AI CONTROL PLANE STARTER CHECKLIST (STARTUPS)

Goal: make LLM features measurable, routable, and governable across providers (OpenAI, Anthropic, Google, AWS Bedrock, and/or open models).

1) ONE FRONT DOOR
- Create a single internal API for all LLM calls (even if it just proxies today).
- Standardize request metadata: tenant_id, user_id (or hashed), intent tag, data_class (public/internal/restricted), and “requires_json” boolean.
- Record model/provider used and a request_id that propagates through your system.

2) ROUTING RULES (MINIMUM VIABLE)
- Define default models per intent: “fast” and “best.”
- Implement fallback rules for: invalid JSON/schema, tool-call failure, safety refusal, rate-limit, timeout.
- Add a kill switch per provider/model (feature flag style).

3) EVALUATIONS YOU CAN RUN WEEKLY
- Pick ONE workflow (extraction, support draft, RAG answer, or agent tool use).
- Create a small golden set of real examples you’re allowed to store.
- Define pass/fail checks that are mechanical where possible:
 * JSON parse + schema validation
 * presence of citations
 * tool call matches allowed schema
 * banned content checks
- Track results by model version and prompt version.
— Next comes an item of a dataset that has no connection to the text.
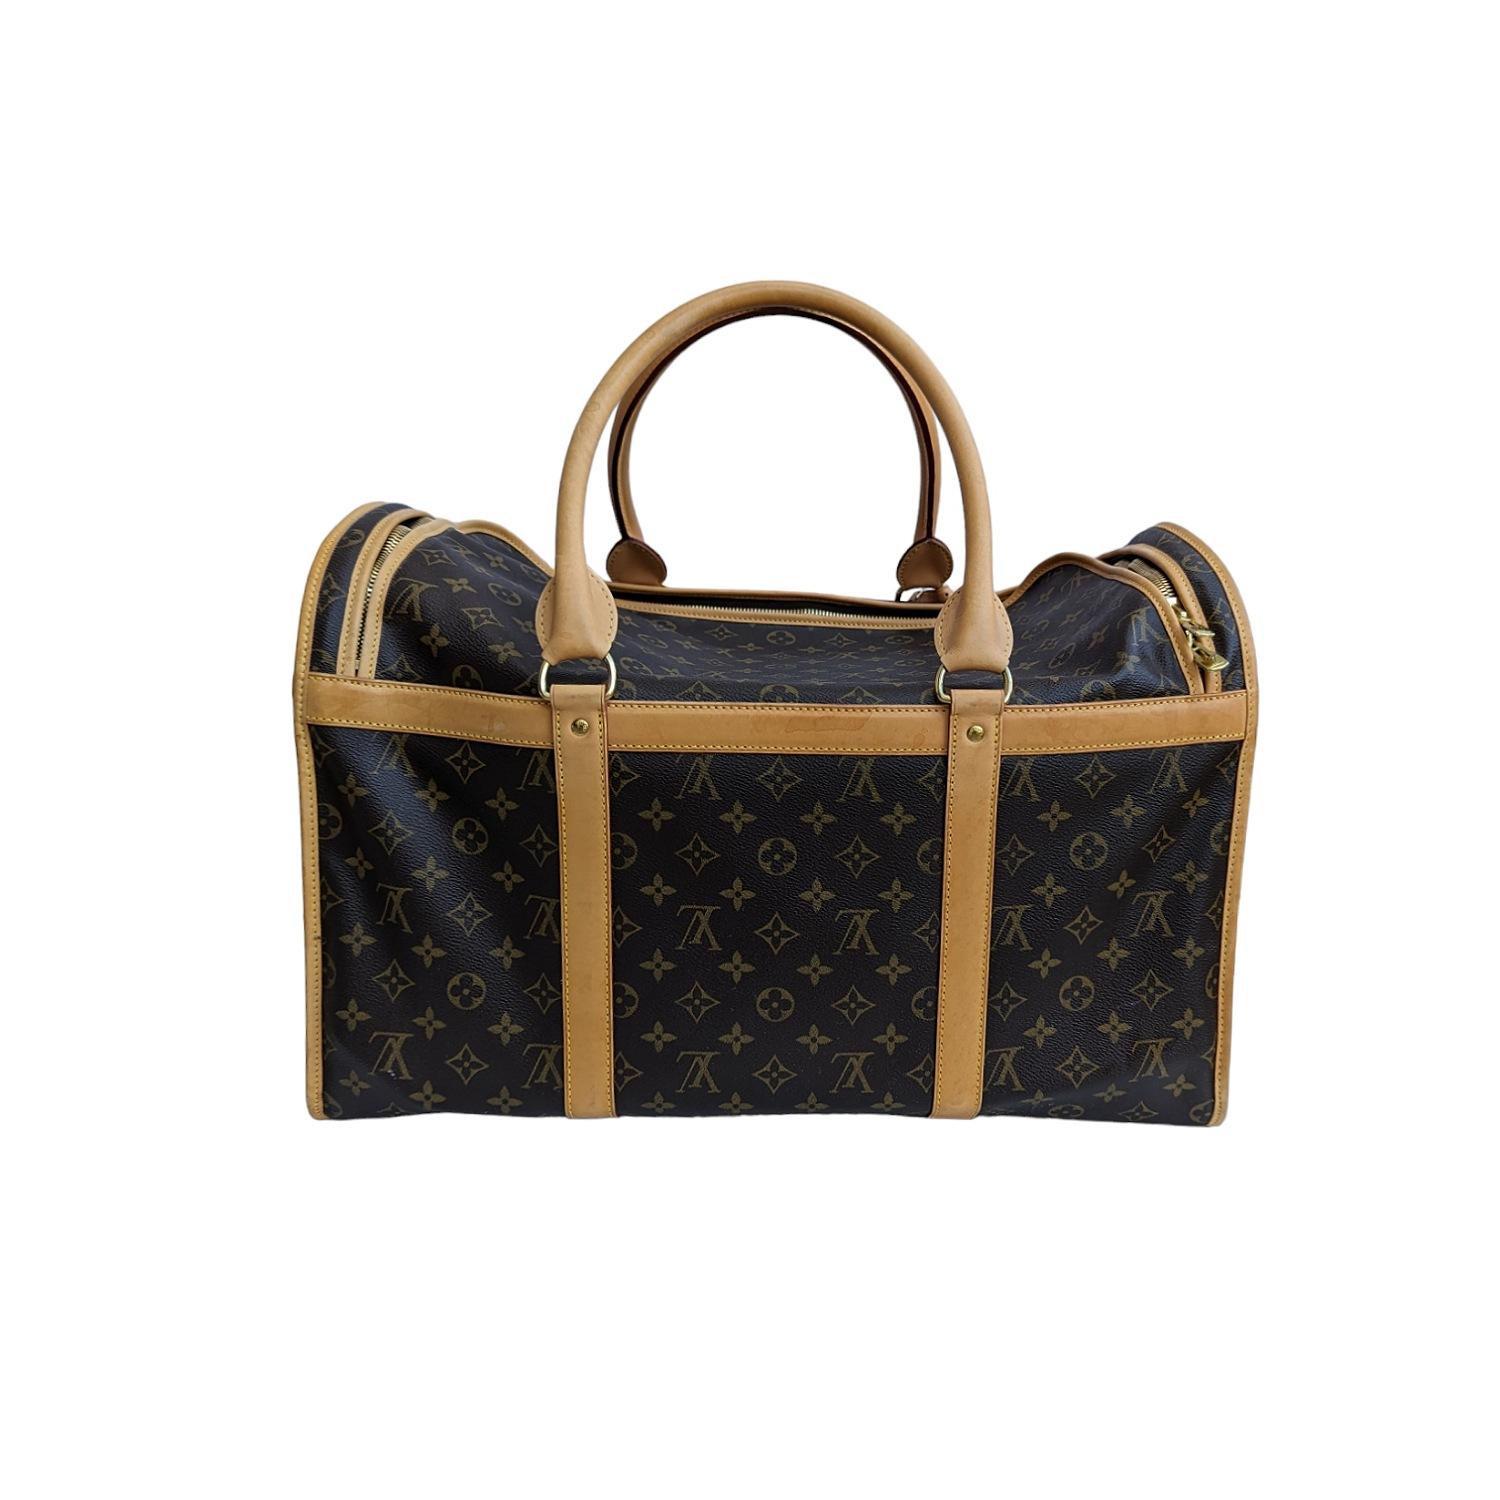 Travel in style with your posh pet with this Louis Vuitton Monogram Canvas Sac Chien 50 Dog Carrier. It features an accessible top with breathable metal side mesh with roll-up window option. It also has a double zip around closure and convenient

4) OBSERVABILITY + STORAGE
- Capture traces (prompt, retrieved docs IDs, tool calls, outputs) with redaction.
- Store only what you need; set retention by data class.
- Make it searchable by request_id and tenant_id for support.

5) COST AND ABUSE CONTROLS
- Enforce maximum context size and maximum retries.
- Add per-tenant budgets or rate limits for agentic flows.
- Log token usage/cost fields if your provider returns them; otherwise log request size proxies.

6) SECURITY + PROCUREMENT READINESS
- Document where data flows (provider, region, retention).
- Confirm and document provider training/data-use terms for your integration.
- Ensure secrets are in a real secrets manager (e.g., HashiCorp Vault, cloud-native).
- Restrict who can view raw prompts/outputs in logs.

7) RELEASE DISCIPLINE
- Version prompts like code.
- Gate prompt/routing changes behind eval runs.
- Keep a rollback path: previous prompt + previous routing config.

Definition of done: you can switch providers for a workflow by changing routing config, and you can prove quality didn’t regress using your eval suite.